My dreams for the library almost border on megalomania. I ask everyone I know if they have Florida books with which they wish to part.  I particularly savor old and out-of-print issues.  I want to have the largest collection in the state on Florida and Caribbean subjects.

Now, I’d like to be clear that the library is not just a collector’s obsession; I try to read as many of the books as I can.  It’s just that I collect faster than I read.  We use the books for research, scripts, guide education, stories, accuracy checks and iconography (pictures, lithographs and drawings).  My attention to the subject of libraries and book collections was further fed by Nicholas A. Basbanes’ masterwork on the subject; A Splendor of Letters: The Permanence of Books in an Impermanent World.

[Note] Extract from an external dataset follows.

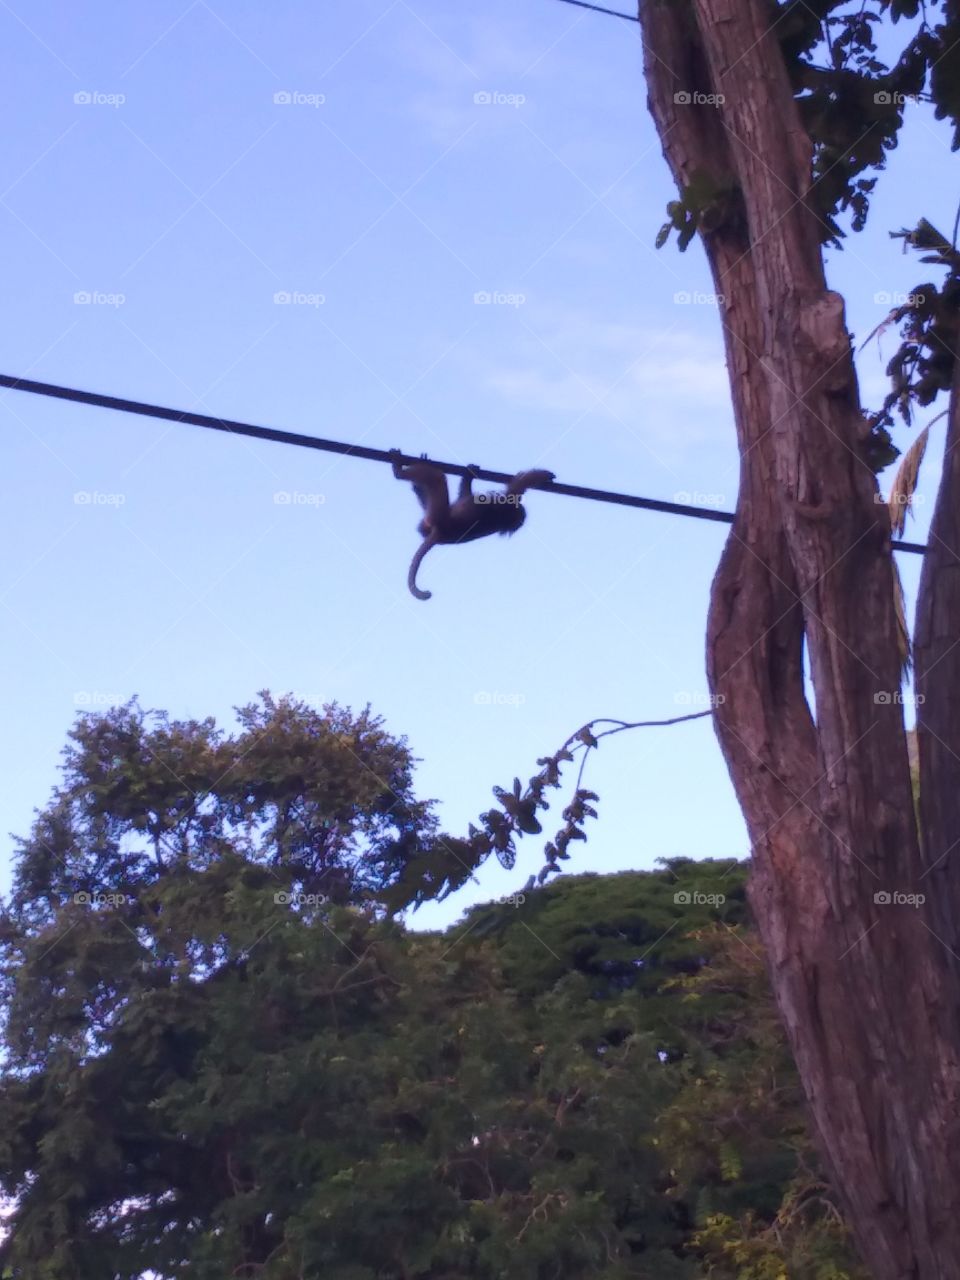 monkeys overhead. dusky langur monkeys in the trees and climbing on power lines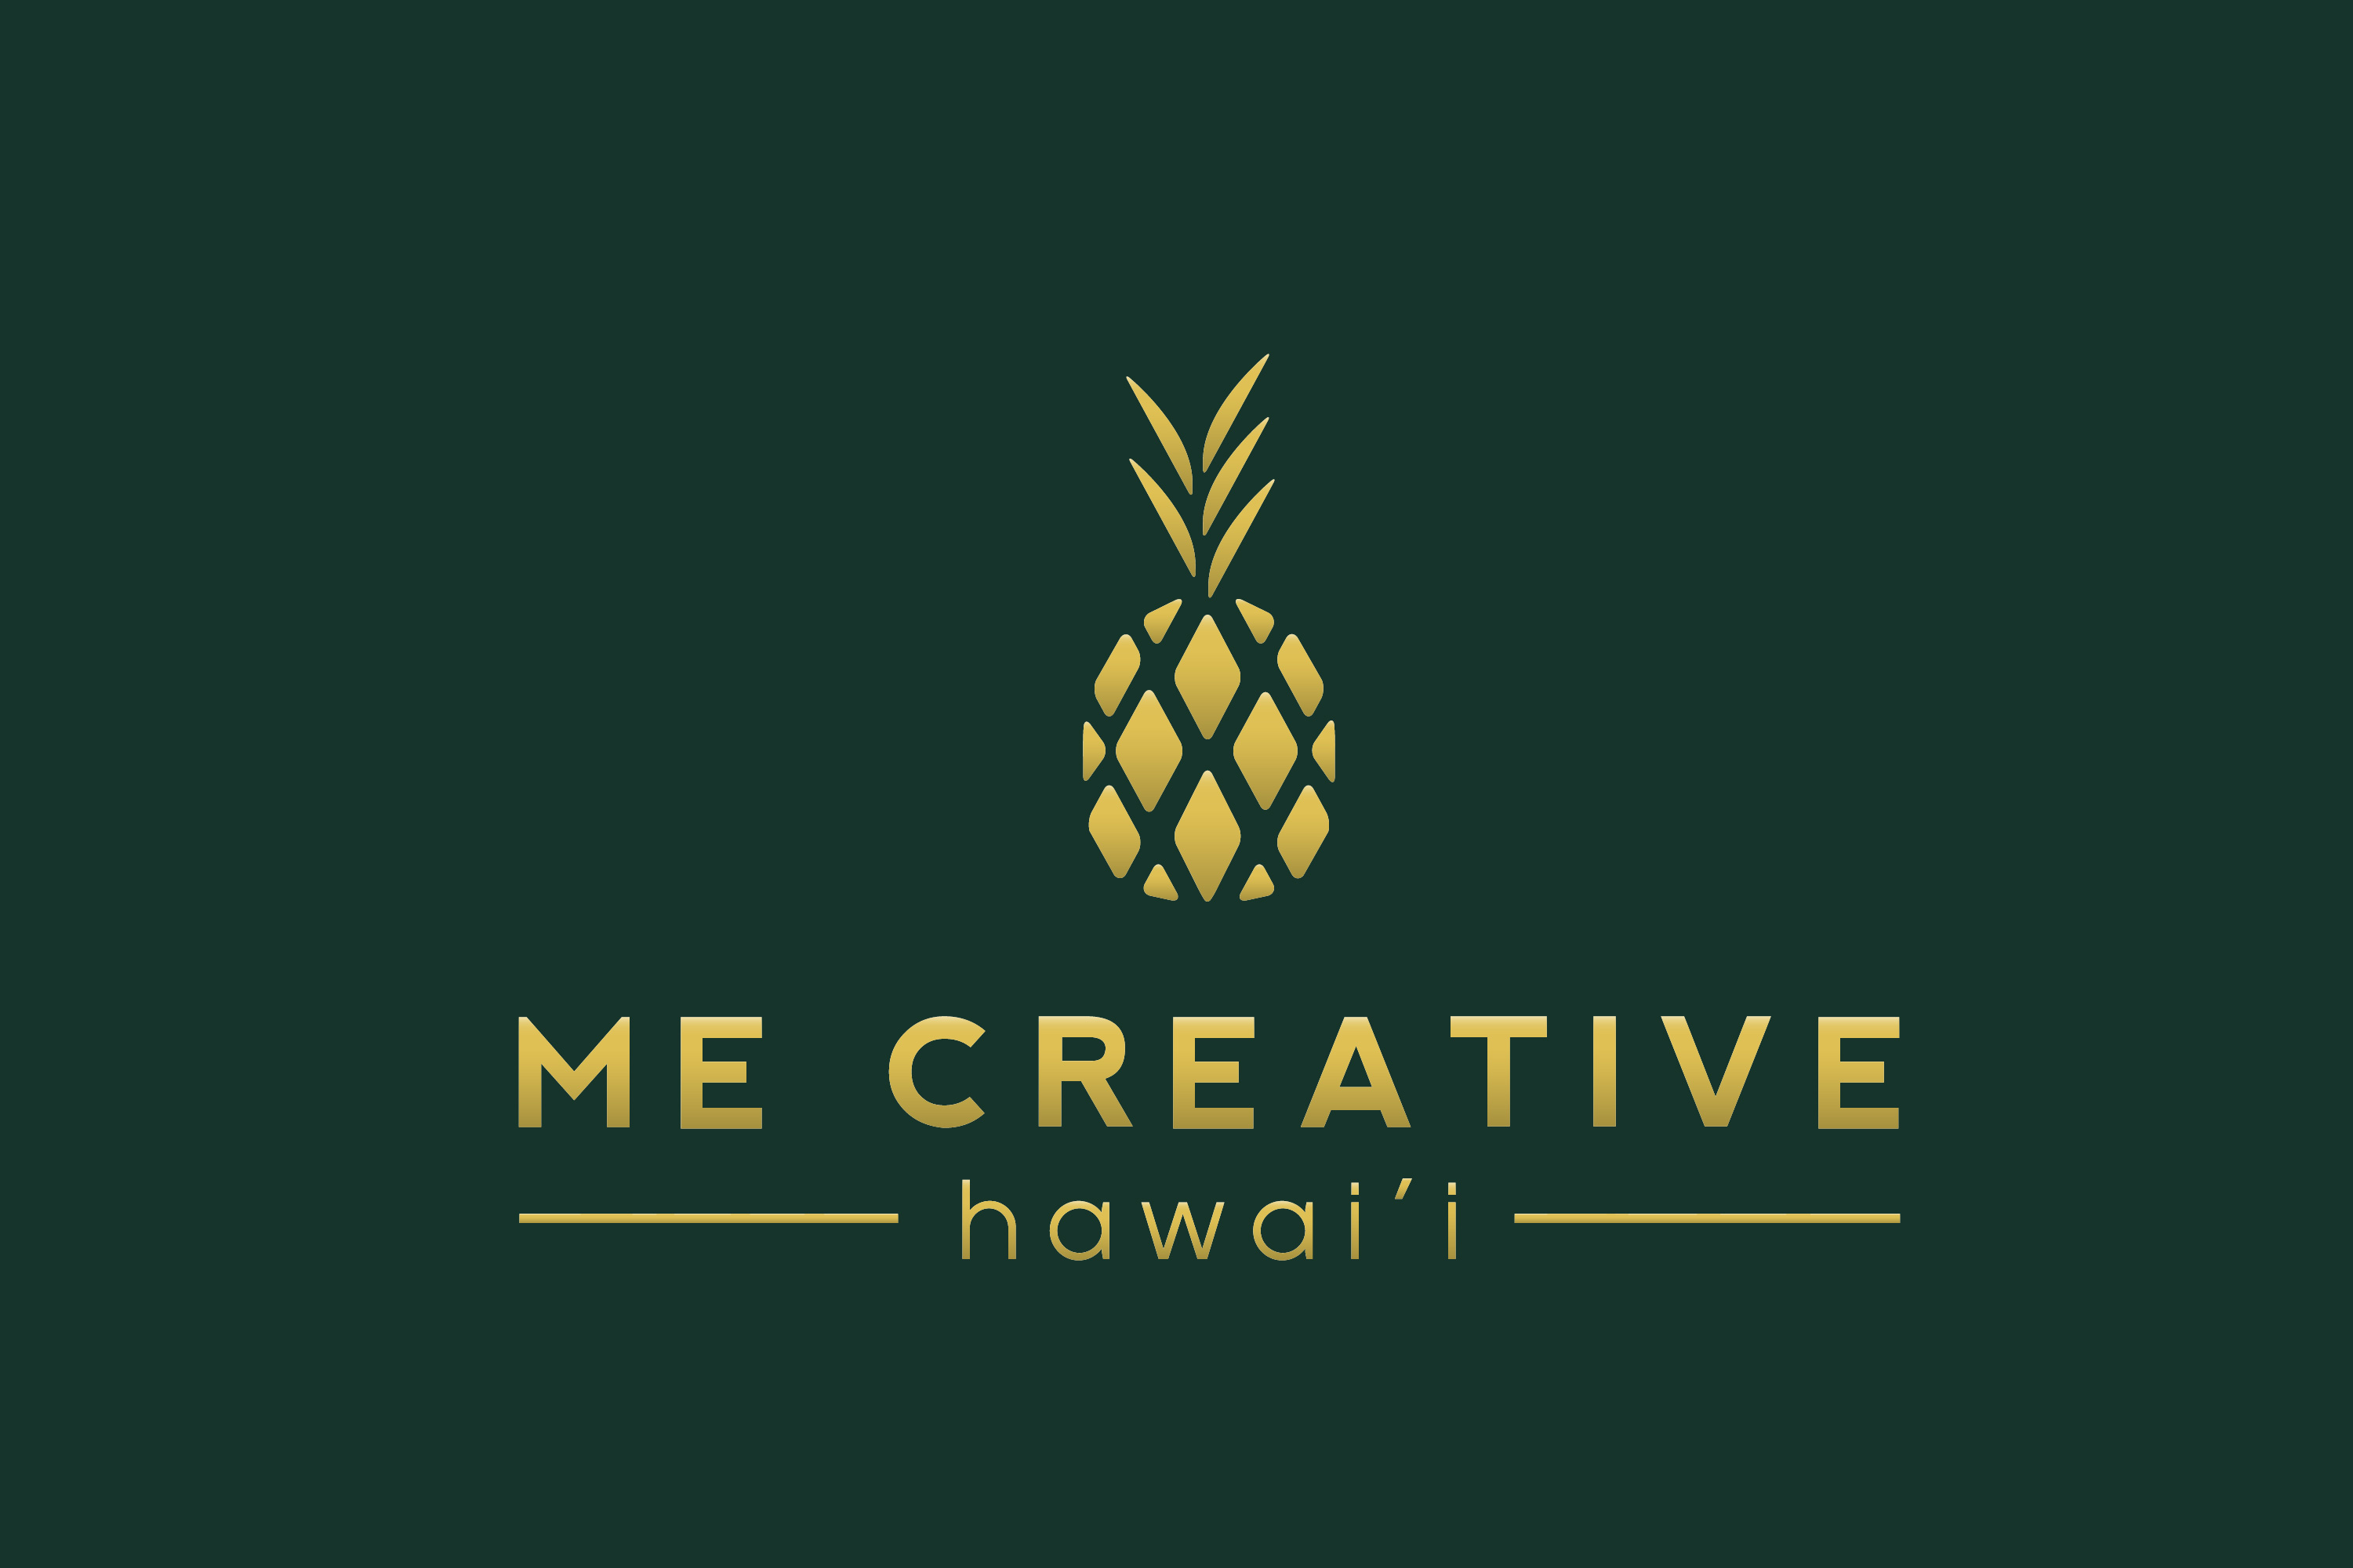 Me Creative Hawaii logo

Even as our collection continues to grow, I realize that my pursuit may already be an antiquarian counter-insurgency.  With bookstores disappearing and the landscape littered with cold, impersonal E-readers and Kindles, I may be heading entirely in the wrong direction.  I just don’t believe that one more electronic device can replace the texture, binding, colors, fonts, beauty and diversity of printed books.

In my mind’s eye, I see some future time when the wise legislators of the day will declare collectors of books printed on paper as tree-killing, old-school, anti-ecological terrorists.  When this moment arrives, I will build a huge underground bunker for my beloved library and retreat downward to hide out.  If the authorities of that future era are stealthy and lucky, they will ferret me out of my subterranean lair, bearded, guilty and still clutching an illegal (gasp!!) paper-based text.  But until then, I shall go on collecting.

By the way, do any of you have any relevant books that you would like to part with?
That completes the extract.